— Вполне возможно, что он ни в чем не виноват. Значит, вам неизвестно, что произошло в «Местечке Крира»?
— Верно, меня там не было, но там не было и Гендерсона, и само его отсутствие вызывает мое беспокойство. Моя оценка происшедшего: Холмса заманили в ловушку, чтобы обвинить в преступлении и таким образом положить конец его расследованию.
— Но что это за «Дом шелка»? Что за тайна такая, которую нужно сохранить любыми средствами?
— Не знаю.
Лестрейд покачал головой.
— Я, доктор Ватсон, человек практический и скажу, что вы уж слишком далеко забрались от исходной точки, когда был найден покойник в гостиничном номере. Как мы знаем, человека этого звали Килан О′Донахью, это первостатейный бандит и грабитель банков из Бостона, приехал в Англию, чтобы отомстить галеристу из Уимблдона, господину Карстерсу. Какая связь между ним и смертью двух детей, белой ленточкой, таинственным Гендерсоном и всем прочим?
— Именно это и пытался выяснить Холмс. Я могу его увидеть?
— Делом занимается Гарриман, и пока Холмсу не предъявят официальное обвинение, поговорить с ним не удастся. Сегодня во второй половине дня его повезут в полицейский суд.
— Мы должны быть там.
— Разумеется. Вы понимаете, доктор Ватсон, что на этом этапе свидетелей защиты вызывать не будут, но я все равно постараюсь обелить его и дать ему положительную характеристику.
— Они будут держать его на Бау-стрит?
— Пока да, но если судья решит, что основания заводить дело есть — а в таком решении я не сомневаюсь, — Холмса переведут в тюрьму.
— В какую?
— Не могу сказать, доктор Ватсон, но сделаю все, что в моих силах, чтобы ему помочь. Может, и у вас есть к кому обратиться за помощью? Такие господа, как вы, должны иметь влиятельных друзей, тем более что многие дела, к которым вы имели отношение, были весьма деликатны по своей природе. Может быть, среди клиентов господина Холмса есть кто-то, к кому можно обратиться в трудную минуту?
Мне тут же пришел в голову Майкрофт. В своем рассказе я по понятным причинам его не упомянул, но думал о нем еще до того, как Лестрейд начал говорить. Согласится ли он встретиться со мной? Он ведь предупредил брата в этой самой комнате и ясно дал понять: если тот оставит без внимания его предупреждение, быть полезным он не сможет. Но для себя я все равно решил наведаться в клуб «Диоген» снова, как только представится возможность. Но придется подождать решения полицейского суда. Лестрейд поднялся.
— Я заеду за вами в два часа, — сказал он.
— Спасибо, Лестрейд.
— Пока благодарить не за что, доктор Ватсон. Возможно, я ничем не смогу помочь. Ведь дело-то с виду — проще не бывает. — Я вспомнил, что вчера инспектор Гарриман сказал мне примерно это же. — Гарриман хочет отдать Холмса под суд за убийство, и, мне кажется, готовиться надо к худшему.
ГЛАВА ДВЕНАДЦАТАЯ
Улики по делу
Бывать в полицейском суде мне раньше не доводилось, но когда я в обществе Лестрейда приближался к этому солидному и даже суровому зданию на Бау-стрит, меня не отпускало странное ощущение, будто все это мне знакомо, вызвали меня сюда абсолютно правильно, иначе не могло и быть. Видимо, мое состояние отражалось на моем лице, потому что Лестрейд смотрел на меня с тоскливой улыбкой.

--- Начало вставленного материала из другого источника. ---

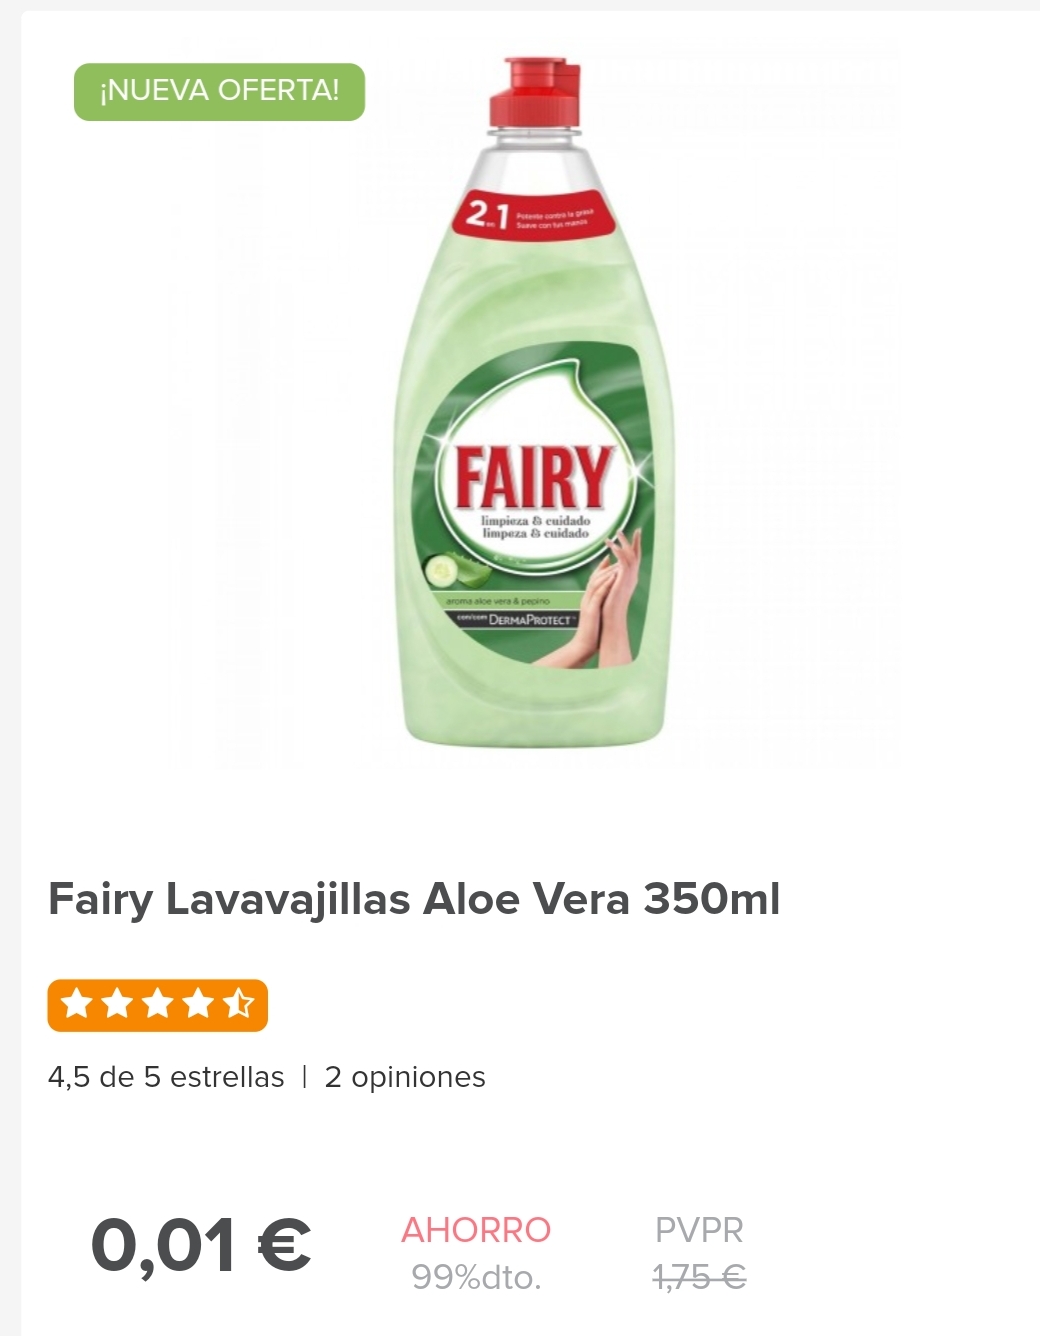 Fairy aloe vera 350ml
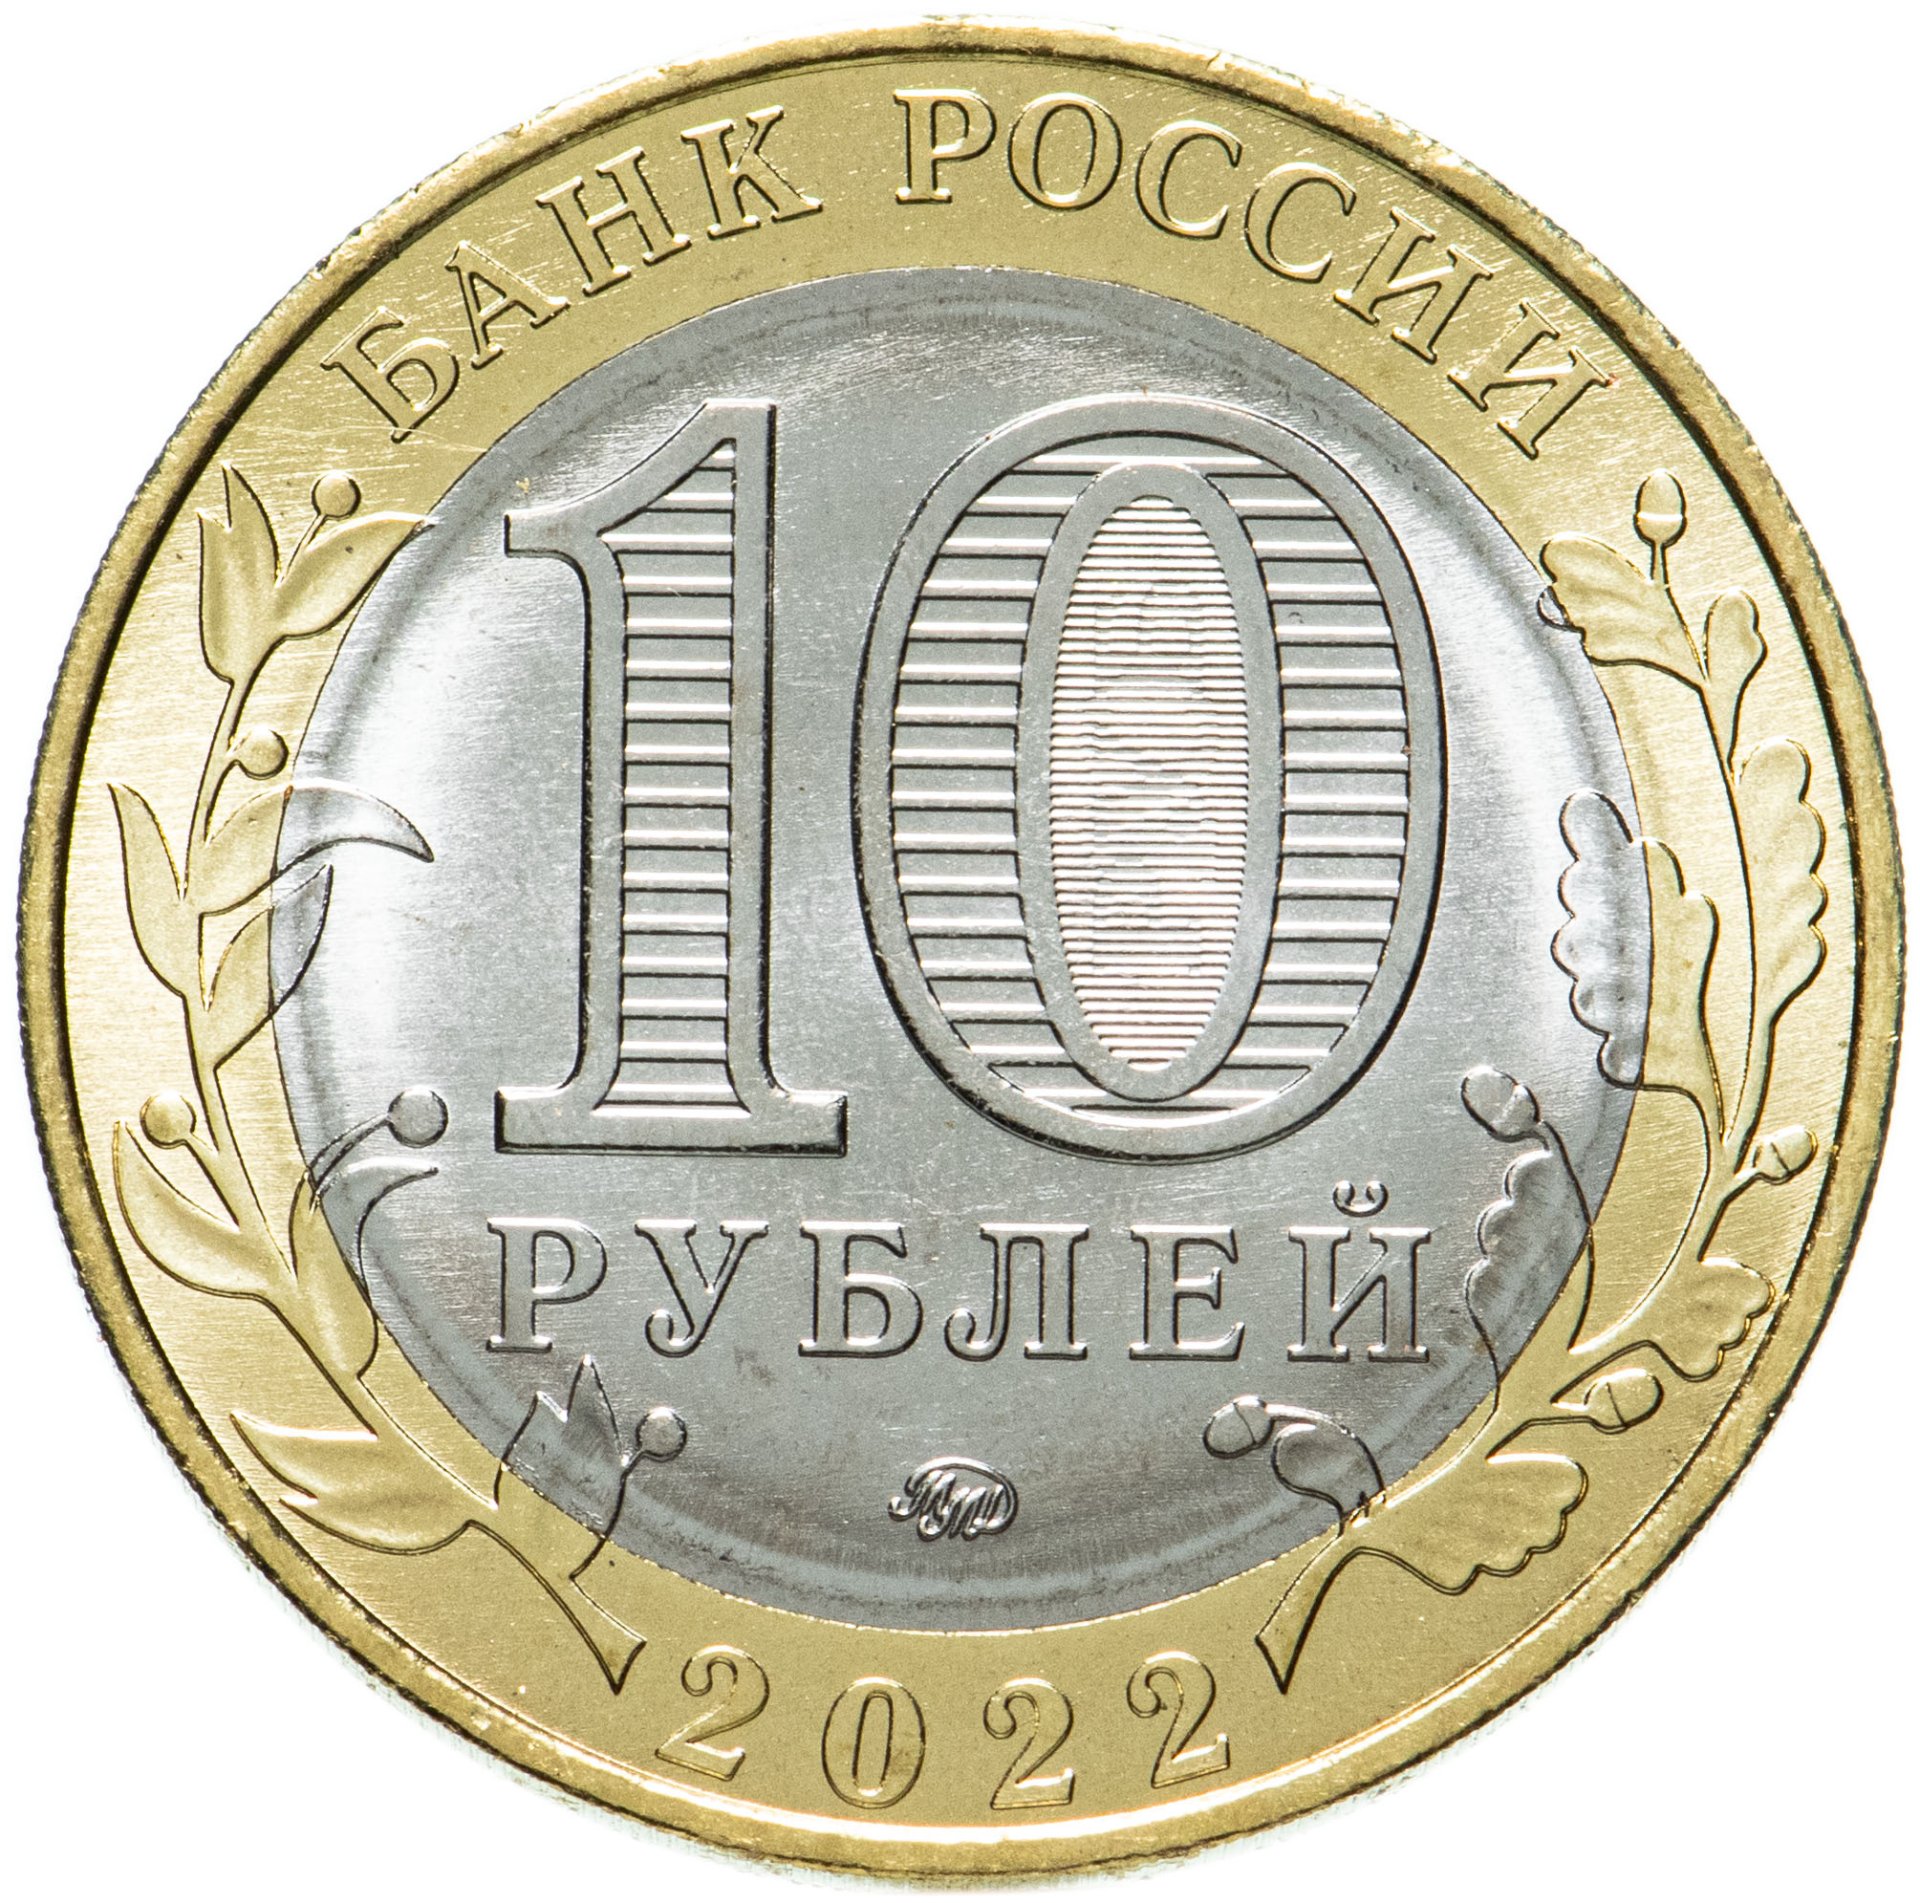 Сколько стоят 10 руб монеты. 10 Рублей 2020 Козельск. 10 Рублей Боровичи 2021. 10 Рублей 2022 Ижевск. Монета Городец 10 рублей 2022.

— Не ожидали, что окажетесь в таком месте, доктор Ватсон?
Я ответил, что он просто прочитал мои мысли.
— Подумайте о том, сколько народу прошло этим путем благодаря вам — вам с господином Холмсом, разумеется.
Он был совершенно прав. Здесь завершался процесс, который мы так часто начинали, отсюда дорога вела уже к Центральному уголовному суду, а порой и к виселице. Сейчас моя писательская карьера подошла к концу, и в голову порой приходит любопытная мысль: все мои записки до единой завершались разоблачением или арестом негодяев. А что же дальше? Я почти всегда полагал, что их дальнейшая судьба моим читателям неинтересна… Я списывал их со счетов, будто они для того и родились, чтобы причинить кому-то вред, но вот их преступления раскрыты — и они переставали быть людьми с бьющимся сердцем и надломленной душой. Я никогда не задумывался над тем, какие страх и боль охватывают этих людей, когда они проходят через эти створчатые двери, идут по мрачным коридорам. Проливал ли кто-нибудь из них слезы раскаяния, молился ли за спасение души? Боролся ли до конца или сдавался на милость судьбы? Меня это не беспокоило. Мое повествование текло по другому руслу.